Ryu Ha-Eun, Heo Seok-Jae, Lee Jong Hee, Park Byoungjin, Han Taehwa, Kwon Yu-Jin
Department of Family Medicine, Yongin Severance Hospital, Gyeonggi-do, Republic of Korea.
Department of Family Medicine, Yonsei University College of Medicine, Seoul, Republic of Korea.
Endocrine. 2025 Apr;88(1):151-161. doi: 10.1007/s12020-024-04154-y. Epub 2025 Jan 2.
Early detection and intervention are vital for managing type 2 diabetes mellitus (T2DM) effectively. However, it's still unclear which risk factors for T2DM onset are most significant. This study aimed to use cluster analysis to categorize individuals based on six known risk factors, helping to identify high-risk groups requiring early intervention to prevent T2DM onset.
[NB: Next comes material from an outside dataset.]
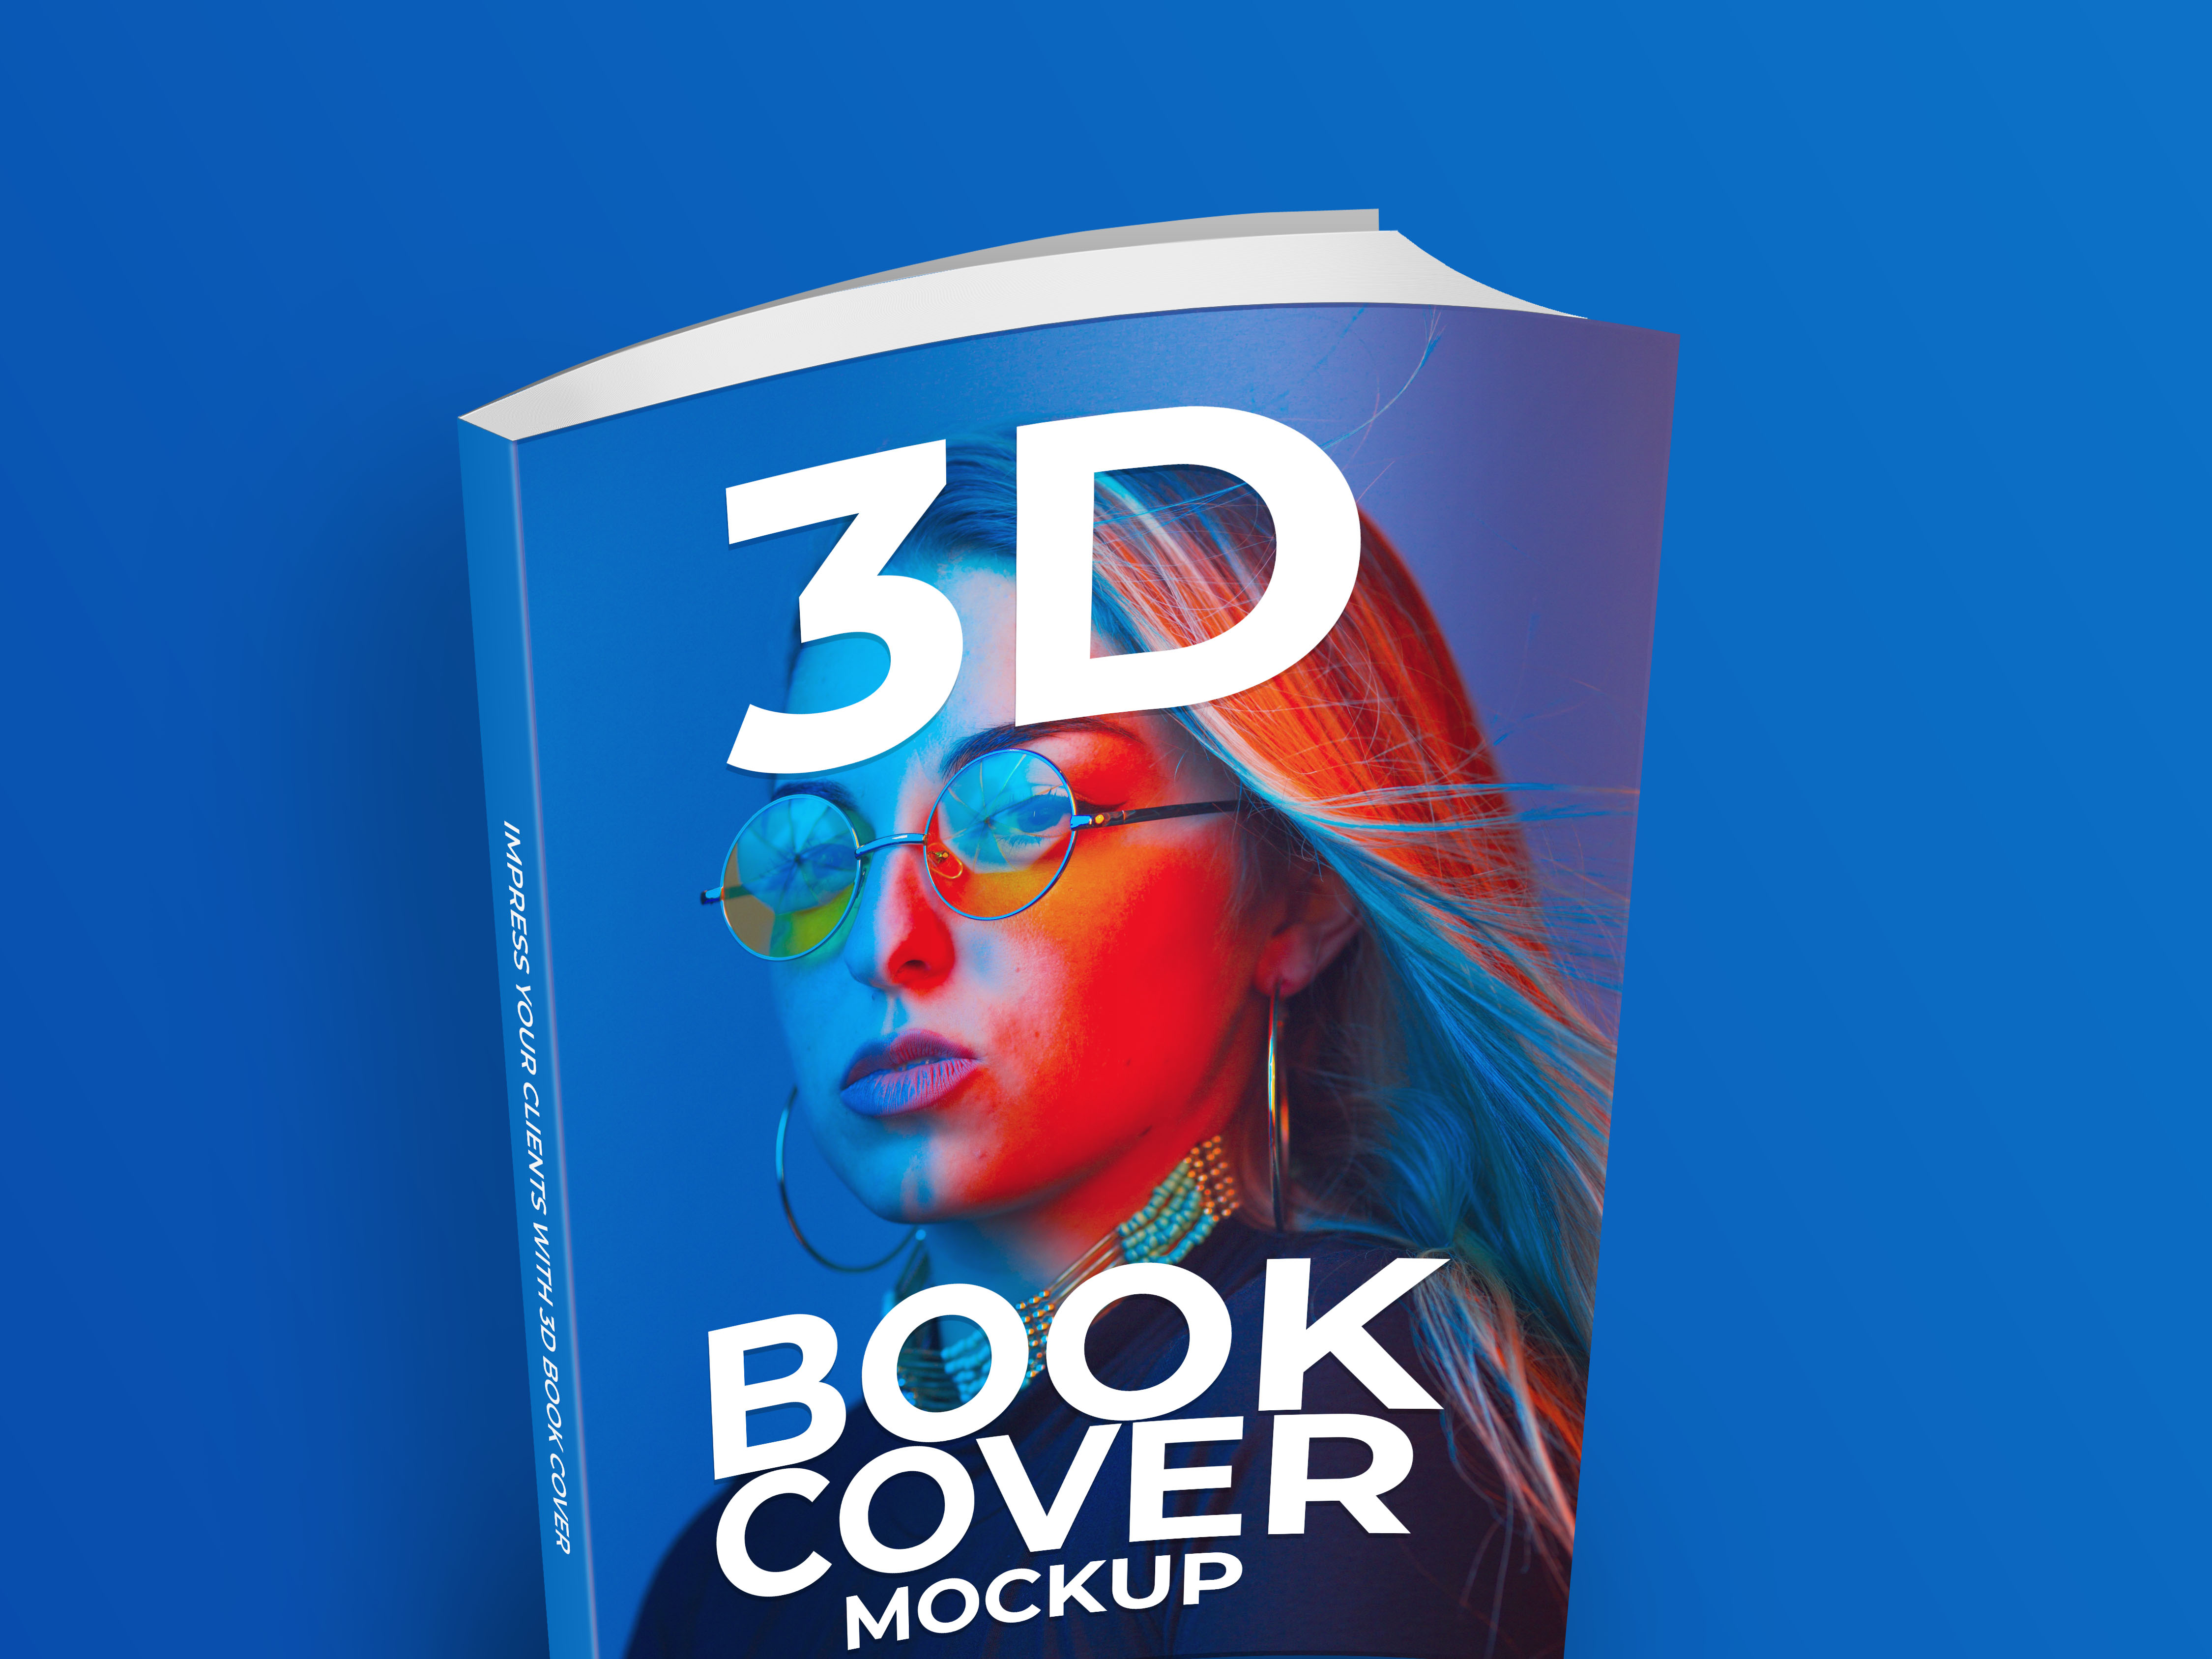 Dribbble 3d_book_cover_mockup_free_psd_download.jpg by Aleena Cooley

This study comprised 7402 Korean Genome and Epidemiology Study individuals aged 40 to 69 years. The hybrid hierarchical k-means clustering algorithm was employed on six variables normalized by Z-score-age, triglycerides, total cholesterol, non-high-density lipoprotein cholesterol, high-density lipoprotein cholesterol and C-reactive protein. Multivariable Cox proportional hazard regression analyses were conducted to assess T2DM incidence.
Four distinct clusters with significantly different characteristics and varying risks of new-onset T2DM were identified. Cluster 4 (insulin resistance) had the highest T2DM incidence, followed by Cluster 3 (inflammation and aging). Clusters 3 and 4 exhibited significantly higher T2DM incidence rates compared to Clusters 1 (healthy metabolism) and 2 (young age), even after adjusting for covariates. However, no significant difference was found between Clusters 3 and 4 after covariate adjustment.
Clusters 3 and 4 showed notably higher T2DM incidence rates, emphasizing the distinct risks associated with insulin resistance and inflammation-aging clusters.
早期检测和干预对于有效管理2型糖尿病(T2DM)至关重要。然而,T2DM发病的哪些风险因素最为显著仍不清楚。本研究旨在使用聚类分析根据六个已知风险因素对个体进行分类,以帮助识别需要早期干预以预防T2DM发病的高危人群。
本研究纳入了7402名年龄在40至69岁之间的韩国基因组与流行病学研究对象。采用混合层次k均值聚类算法对通过Z分数标准化的六个变量进行分析,这些变量包括年龄、甘油三酯、总胆固醇、非高密度脂蛋白胆固醇、高密度脂蛋白胆固醇和C反应蛋白。进行多变量Cox比例风险回归分析以评估T2DM发病率。
识别出四个具有显著不同特征和新发T2DM风险各异的不同聚类。聚类4(胰岛素抵抗)的T2DM发病率最高,其次是聚类3(炎症和衰老)。即使在调整协变量后,聚类3和聚类4的T2DM发病率仍显著高于聚类1(健康代谢)和聚类2(年轻)。然而,在调整协变量后聚类3和聚类4之间未发现显著差异。
聚类3和聚类4显示出明显更高的T2DM发病率,强调了与胰岛素抵抗和炎症-衰老聚类相关的独特风险。